GSK To Produce 1 Billion Doses of COVID-19 Vaccine Adjuvant
GlaxoSmithKline (GSK) has announced its intention to manufacture one billion doses of its pandemic vaccine adjuvant system in 2021 to support the development of multiple adjuvanted COVID-19 vaccine candidates.

GSK says it has prioritized its efforts toward making its pandemic adjuvant technology available to partners developing COVID-19 vaccine candidates that are suitable for use with an adjuvant. To date (as reported on May 28, 2020), the company has formed several collaborations, including with scientific partners in North America, Europe and China, to develop vaccines. Discussions with potential partners on further collaborations are ongoing.

The announcement of the enhanced manufacturing capacity follows completion of a review conducted across the company’s global supply network. GSK will manufacture and fill and finish adjuvant for use in COVID-19 vaccines at sites in the UK, US, Canada, and Europe.

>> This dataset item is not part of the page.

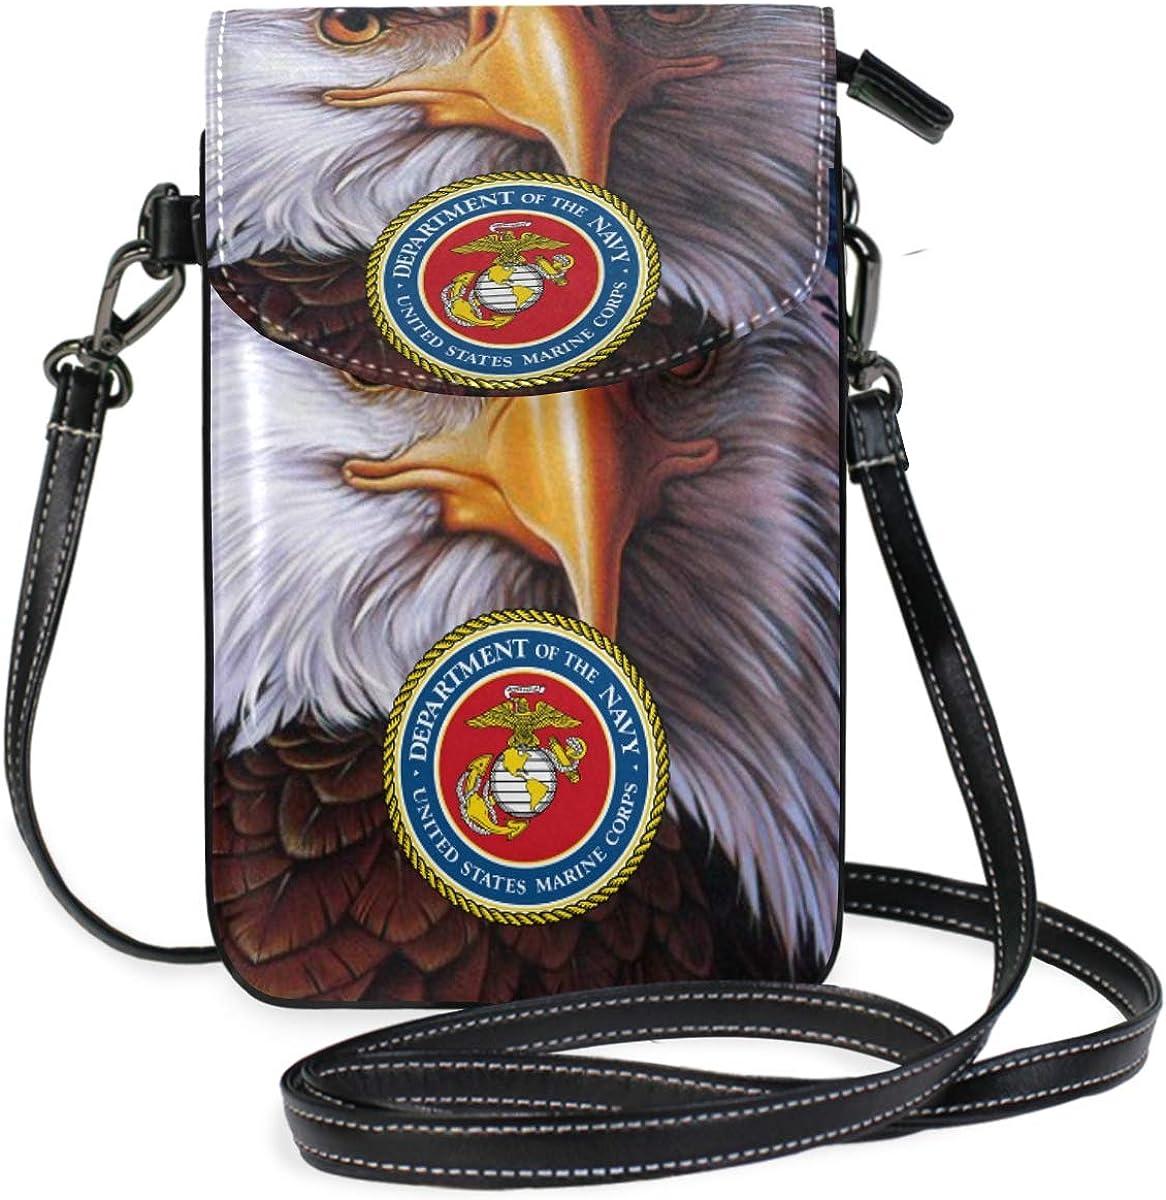 US American Navy USN Mini Crossbody Cellphone Purse PU Leather Shoulder Bags Wallet Pouch Handbag

GSK has started manufacture of the adjuvant at risk. The company is in discussions with governments and global institutions about funding for production and supply of the adjuvant. GSK says it does not expect to profit from sales of its portfolio of collaborations for COVID-19 vaccines made during this pandemic phase as profit generated will be invested in support of COVID-19-related research and long-term pandemic preparedness, either through GSK’s internal investments or with external partners.

Source: GlaxoSmithKline


Roche Starts Phase III Trial of Arthritis Drug Plus Remdesivir in COVID-19
Roche has initiated a global Phase III, randomized, double-blind, multicenter study to evaluate the safety and efficacy of the company’s Actemra/RoActemra (tocilizumab), a drug to treat certain forms of arthritis, with Gilead Sciences’ investigational antiviral drug candidate, remdesivir, in hospitalized patients with severe COVID-19 pneumonia.

The study, in which Roche and Gilead are collaborating, is expected to begin enrolling in June (June 2020) with a target of approximately 450 patients globally. Remdesivir was issued an emergency use authorization by the US Food and Drug Administration (FDA) for the treatment of hospitalized patients with severe COVID-19.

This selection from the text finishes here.